A place is defined by its people. Patan has some of the best. Last week, little Floyd bolted from the gate, no doubt to chase his personal dragon, a toad venom addiction. The escape happened at noon, as we were informed by our housekeeper, who was in a right state. Being at work, there was little we could immediately do but print out LOST flyers. I received regular updates from our housekeeper and gardener, who had fanned out to all the nearby homes and shops, making inquiries. When we finally started our canvassing efforts, everyone showed genuine concern, even if language was a barrier. Almost all the shop and cafe owners agreed to post our flyer, which was written in English and Nepali. The local animal shelter helped us out with tape. We searched for almost two hours after work. I was nearly back home when I ran into my landlord. He too had been on the search, after our guard informed him of the problem. More than I could’ve expected from any landlord back home!

At long last, Floyd returned home more than 12 hours after his prison break. He was high as a kite on toad venom. An intervention is planned.

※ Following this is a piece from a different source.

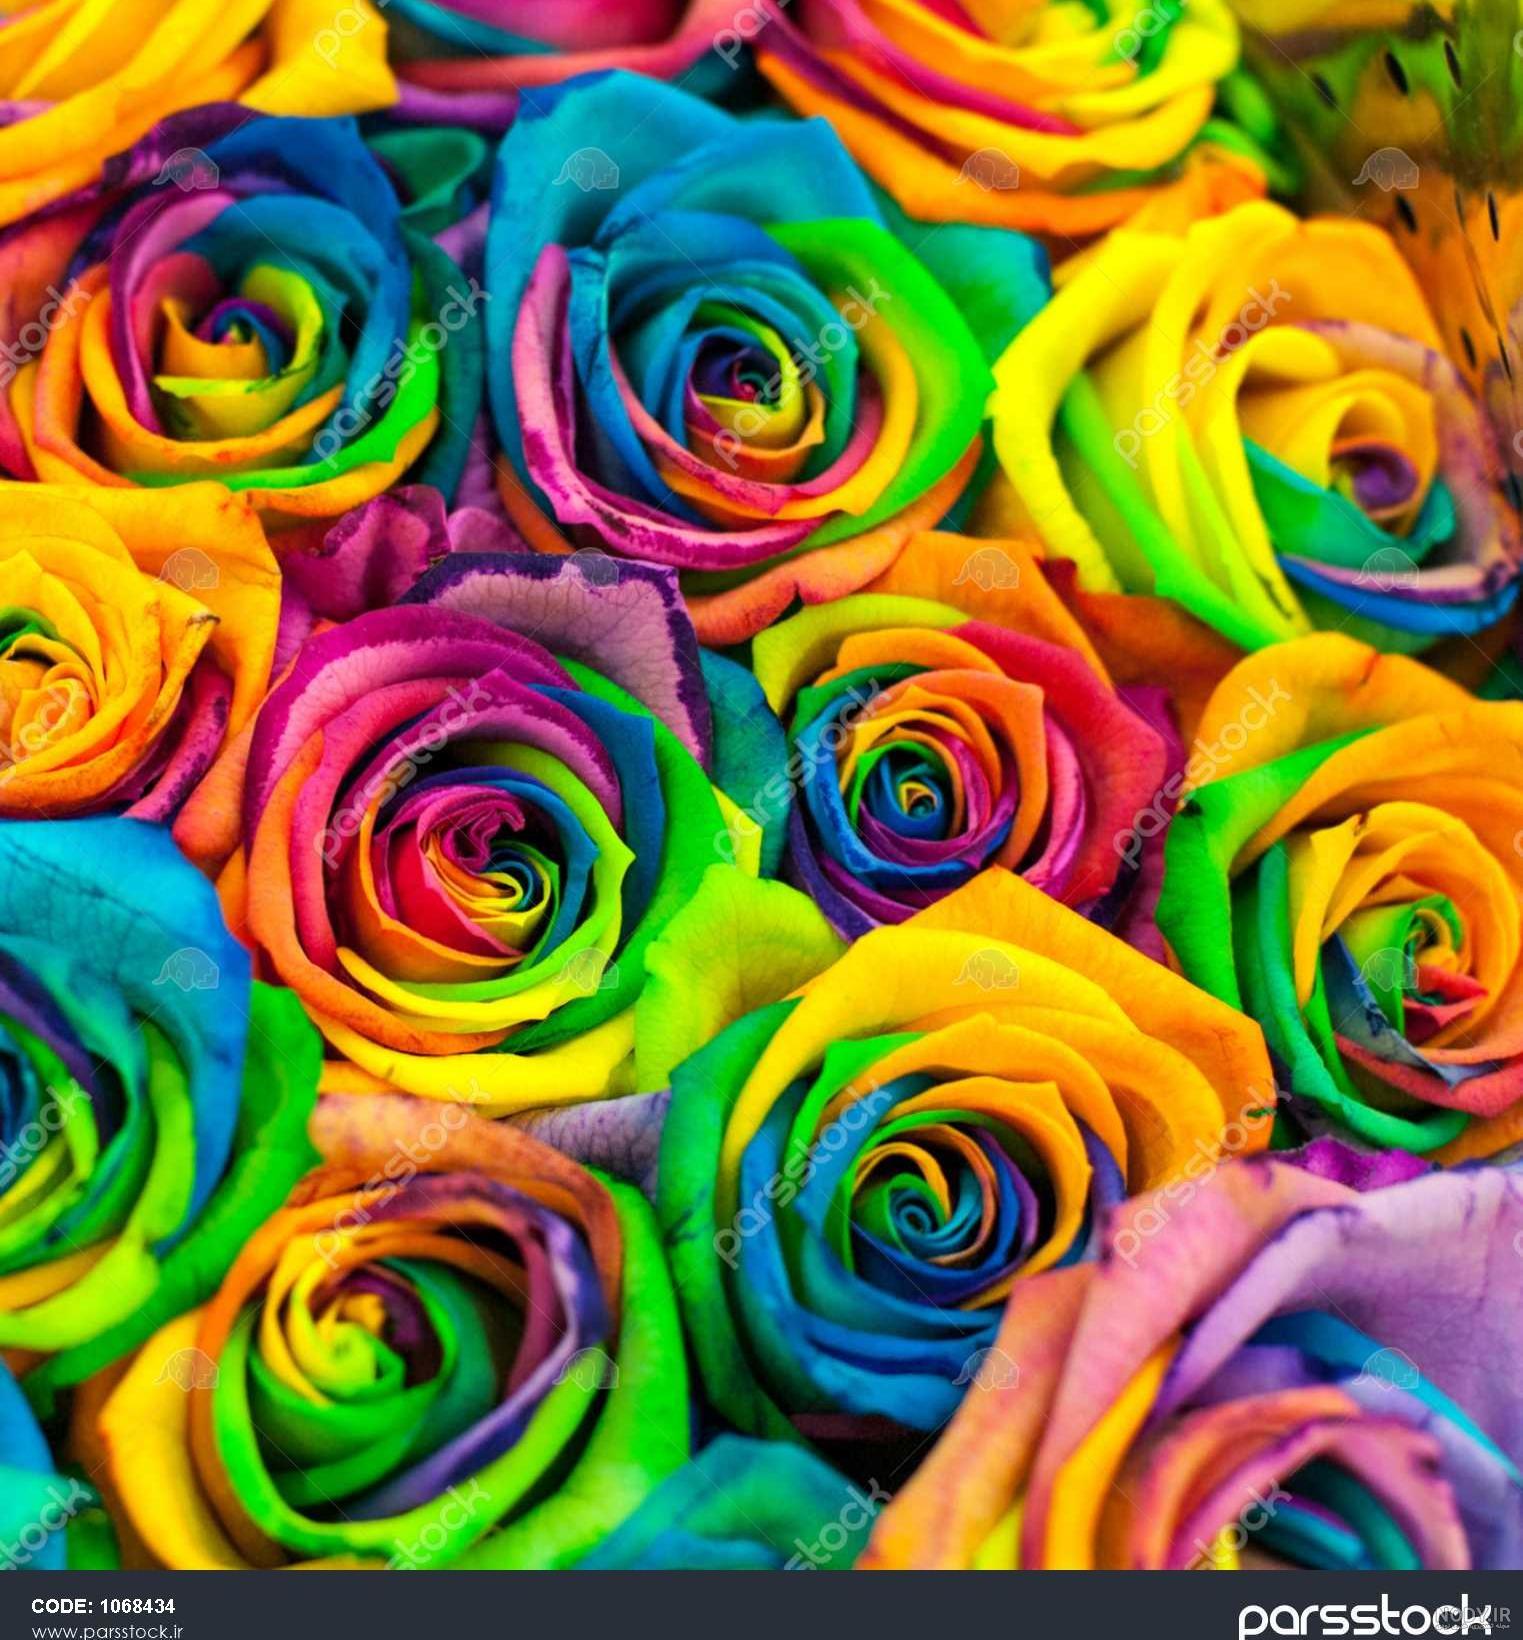 عکس هایی از گل رز های رنگی

Since that difficult evening, people all over the neighborhood still ask about Floyd. Did he come home? How is he? Was he hurt? We are so happy you have now back your dog.

Love this place.

Here, locals consider me a “Good American.” It’s unlike other places, where my nationality was met with nonchalance (which I prefer), overly jubilant praise (usually from Arabs, which felt weird), or on rare occasions, spite (usually from British people). The Good American conversation usually sounds like this:

“Oh. You’re from Am-ERR-ica. I am surprised. I thought you were Canadian. I mean, you’re so… normal. And nice. And you haven’t offended anybody. And you said you don’t very much like war or guns or bigotry. Yes. Surprising. You are a Good American.”

Jeez, Americans! What have you been doing in Nepal these last few years?

The expat scene here is something completely different than what I experienced in other countries. In Lebanon, diplomats and UN staffers hunkered down behind barbed wire and cement walls, far and away from the joyous, frenetic, occasionally life-threatening hustle of the glorious city life. Bali was pretty much a summer camp for over indulgent grownups. Sweden, there was an unspoken climate of anxiety amongst expats, a cloud of shame that followed every person who didn’t blend, every person who failed to put forth a concerted effort to speak the language. Probably a word for that in Swedish, but I’ll never know.

Here in Kathmandu, it’s a combination of all those things. There are more NGO’s on the ground than the alphabet can handle, and everyone is very serious about their work. At least until five o’clock hits. At that point, the bars fill with boisterous conversations, fueled by local spirits of questionable origin. And yet, there’s a “face” that expats wear. A face that advertises “Don’t mess with me, I’m (practically) local.”

Maybe it’s the women who so readily don scarves and saris. Or the men with their locally tailored (read: super slim cut) suits. Or the one-upmanship of local food knowledge — tongue and guts are fine dining here (for some).

I don’t hate it. In fact, I cannot wait to immerse myself in it.